Empiriquement, les chiffres du commerce turco-européen récents confirment cette conclusion87(*). L'accord a globalement profité aux pays européens dans la mesure où il a impulsé une forte croissance des exportations intra-européenne vers la Turquie sans pour autant provoquer une hausse du même ordre des exportations turques vers l'UE. Entre 1994 et 1998 la part des importations turques en provenance de l'Europe a augmenté de 5,6 points passant de 46,9% à 52,5%. En revanche la part des exportations à destination communautaire a cru dans une moindre proportion en passant de 47,7% à 50% du total des exportations. En valeur absolue, cette progression est encore plus marquante puisqu'on voit alors nettement le solde se creuser : les importations turques en provenance de l'UE ont augmenté de 13 242 millions de dollars l'an (passant de 10 667 en 1994 à 24 108 millions de dollars en 1998) alors que ses exportations n'ont progressé que de 4 803 millions de dollars l'an (passant de 8637 en 1994 à 13 440 millions de dollars en 1998).

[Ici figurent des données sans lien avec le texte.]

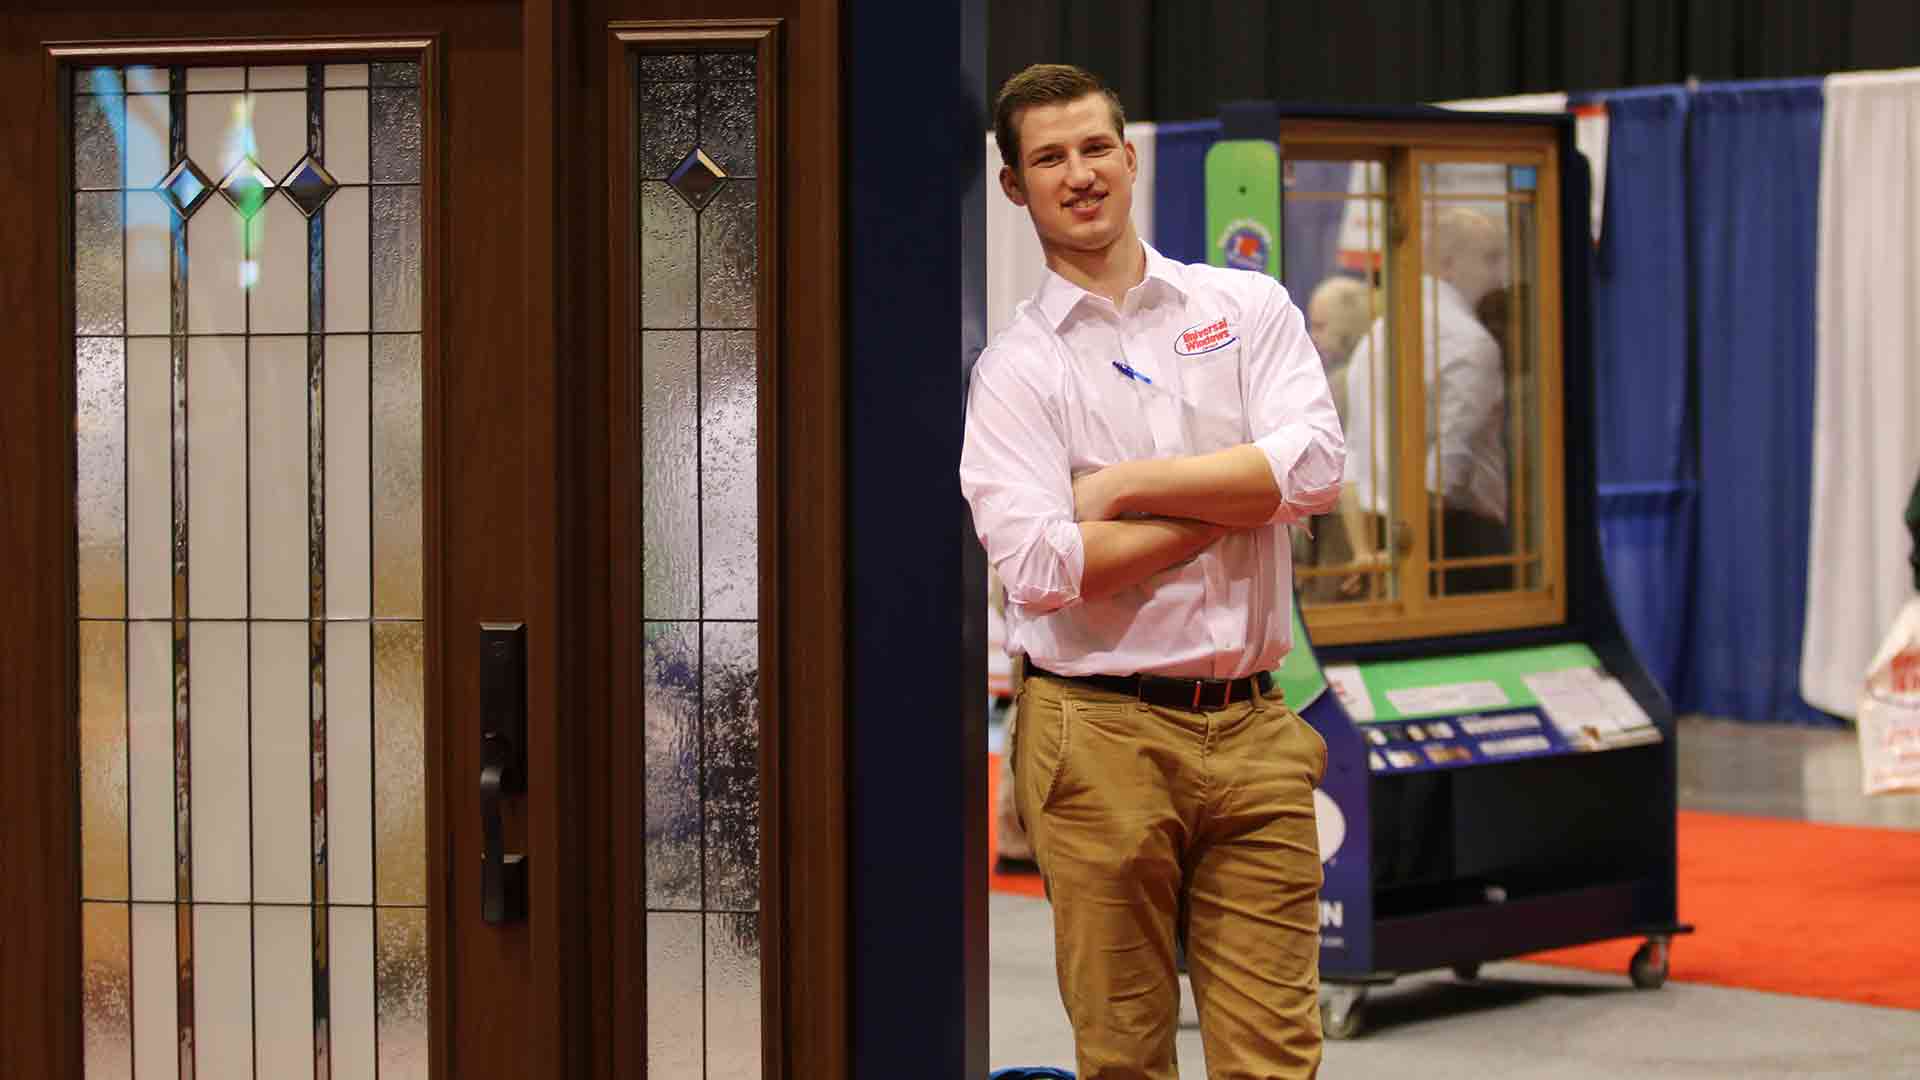 marketer at home show leaning on door

Néanmoins une large part de ce phénomène de déséquilibre s'explique simplement par le fait que sur la période considérée se sont les concessions tarifaires turques qui se sont appliquées alors que celles de la communauté avaient déjà produit leurs effets par le passé lors de leur application88(*).

Mais globalement on retient d'une telle analyse que si l'on prolonge la tendance observée, l'Union douanière entre l'Europe et la Turquie est intenable sur le long terme dans la mesure où la progression des importations sera beaucoup plus forte que celle des exportations et la dépréciation réelle produite par la suppression des tarifs douaniers restera insuffisante pour contenir la dégradation du solde courant provoquée par le service de la dette extérieure qui continuera ainsi d'augmenter.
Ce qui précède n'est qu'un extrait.